Love of country

“Democrats hate our President more than they love our country” tweeted GOP Chair Ronna McDaniel recently, managing to capture the insanely ironic delusions of President Trump and his supporters in just 10 words.

It’s worth noting that McDaniel used to be known as Ronna Romney McDaniel before she complied with President Trump’s request that she remove her maiden name to avoid reminding him of her uncle who famously called Trump a phony and a fraud. Now that Gov. Romney has moved to Utah to run for a U.S. Senate seat, he’s trying to position himself to the right of Trump on immigration, denying the Dreamers a future in the only home most of them have ever known, stating, “I draw the line and say, those who’ve come illegally should not be given a special path to citizenship.” But Dreamers love their adopted country despite the GOP’s rejection.

The McDaniel tweet is rich with irony, considering how Republicans made no secret of opposing the policies of our nation’s last president simply because he was a Democrat. Who can forget then-Minority Leader Mitch McConnell’s bold proclamation that “The single most important thing we want to achieve is for President Obama to be a one-term president.” This goal hardly puts country before party.

McDaniel’s tweet is designed to divide us. It begs the question of whether it is patriotic to continue to blindly support a president even when his behavior is contrary to a group’s righteously proclaimed values just because he’s not a Democrat. Ask white evangelicals who ignore Trump’s numerous and seedy extramarital affairs with porn actresses and starlets. Ask budget hawks who have looked the other way as our deficit has grown and grown so the rich can have more money. Ask conservatives who see nothing wrong with unqualified Cabinet secretaries—think Betsy DeVos at Education or Ben Carson at HUD. What about all those Cabinet secretaries’ reckless, greedy use of taxpayer money for luxury travel and high-end office furniture, or the practice of allowing their family members to infiltrate government offices?

And we haven’t even touched the ethical transgressions of people appointed by the president—for instance, EPA Administrator Scott Pruitt and his sweet Capital Hill housing supplied by an energy lobbyist at such an obscenely low price it basically qualifies as something akin to a bribe, not to mention the $2,460 in taxpayer dollars used to repair the condo door when Pruitt’s security detail had to break in when his office thought he must be unconscious because he wasn’t responding during business hours. Turns out he was taking a nap.
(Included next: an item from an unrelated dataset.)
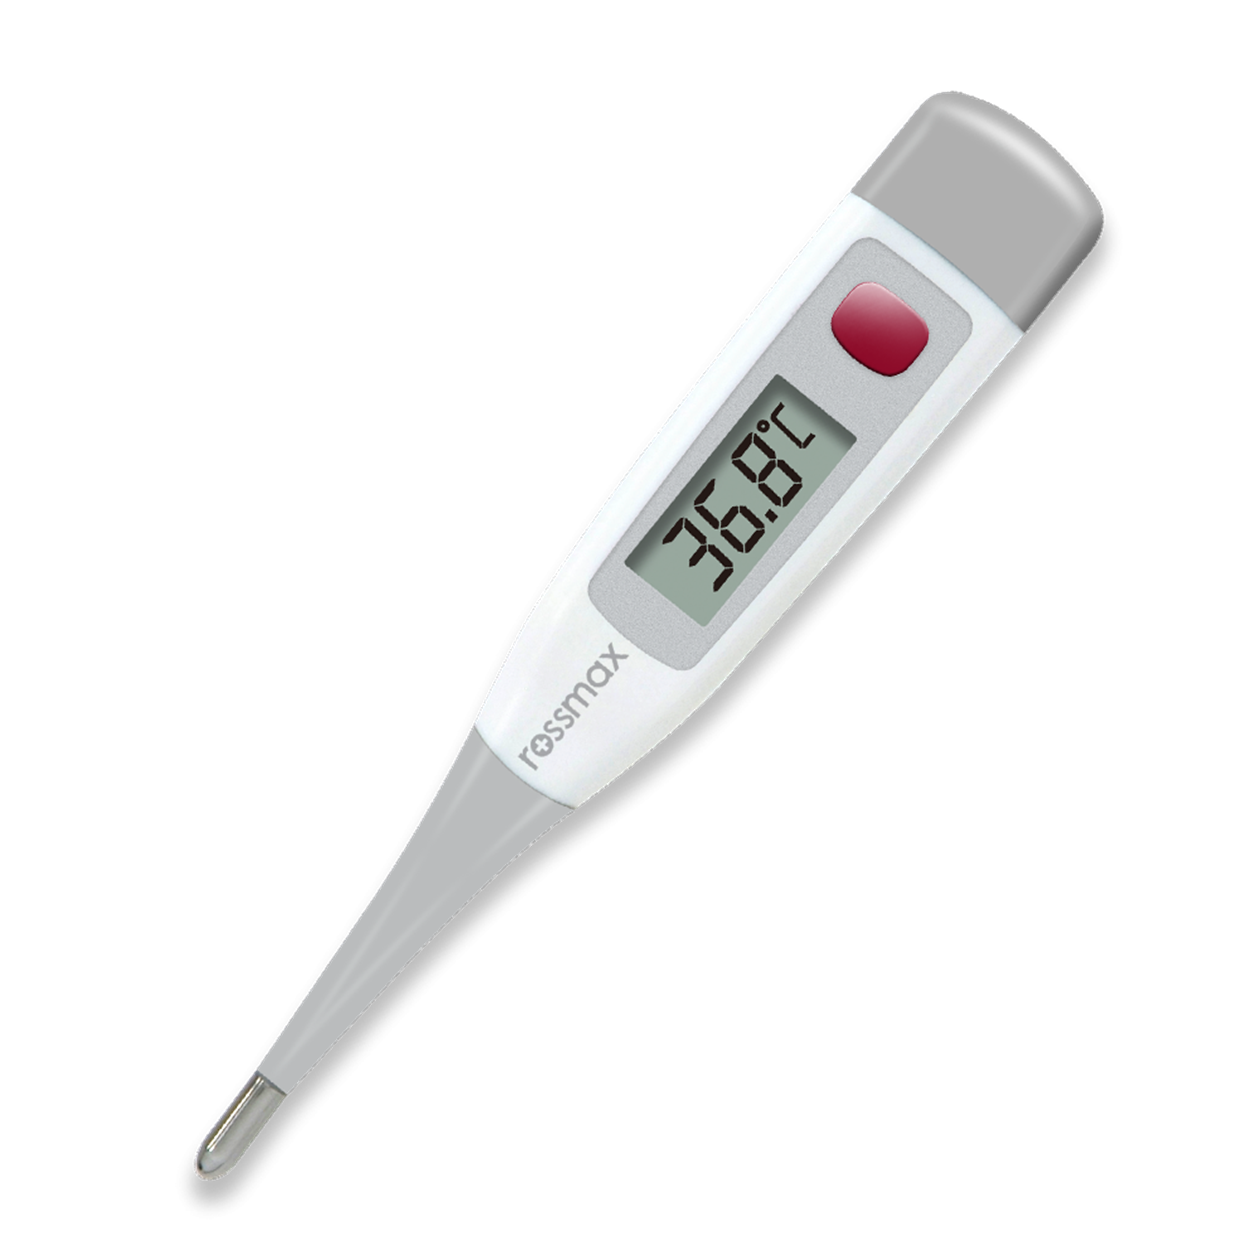 Rossmax Flexible Thermometer TG380 (Delivery Product)

Now the President has nominated his personal physician—who has never managed anything bigger than the president’s ego—to lead one of our most important and complex government agencies, the Veterans Administration. Dr. Ronny Jackson will take over from Obama appointee Dr. David Shulkin, who had his own ethical lapses last summer while traveling with his wife on government business in England. Secretary Shulkin wrote a blistering editorial in the New York Times after his firing-by-tweet, the President’s favorite way of getting rid of his senior staff, warning the nation that Trump shoved him to the side to make room for someone who will follow the Koch brothers’ plans to privatize the V.A. After all, there is still more money to be made during the Trump years.
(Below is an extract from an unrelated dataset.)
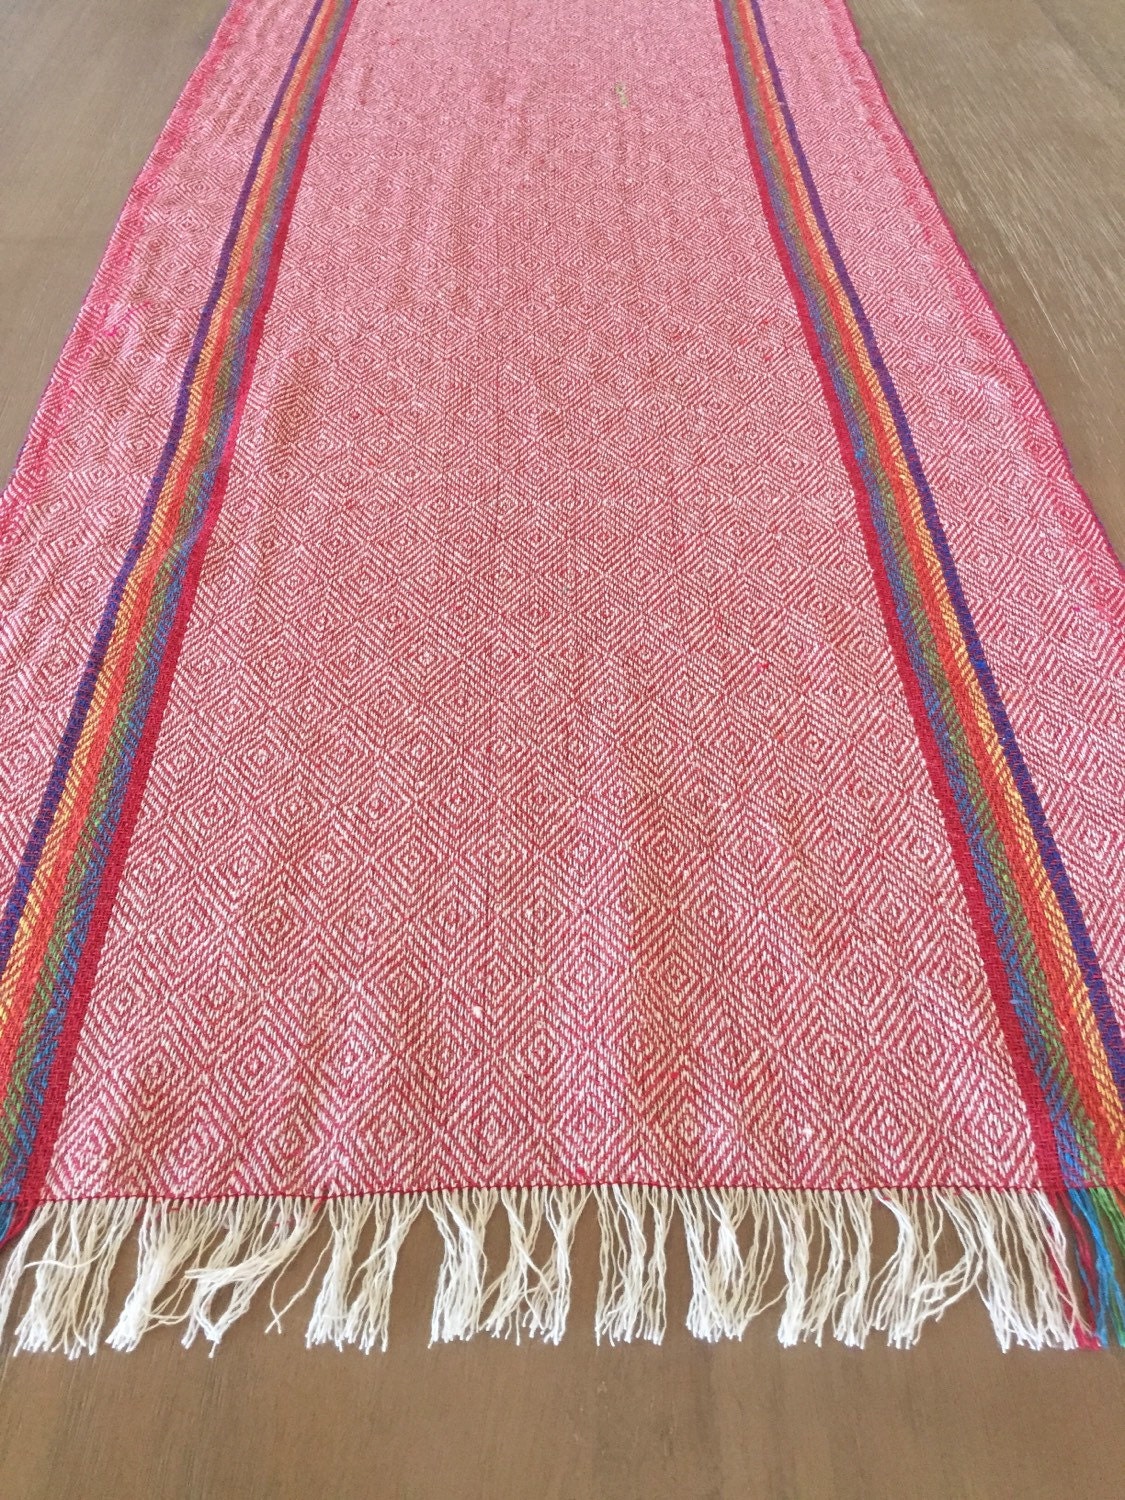 Rustic Table Runner Mexican Red Jerga Style Boho Chic - Etsy

Who are these people? Who are we that we allow this behavior? Why don’t Republicans revolt and demand that their party leaders stop the blaming and shaming and denigration of those who disagree with the President’s actions?

Instead of emulating Trump’s bullying behavior, McDaniel should consider that Democrats and many Americans of other political persuasions oppose the President precisely because we do love our country.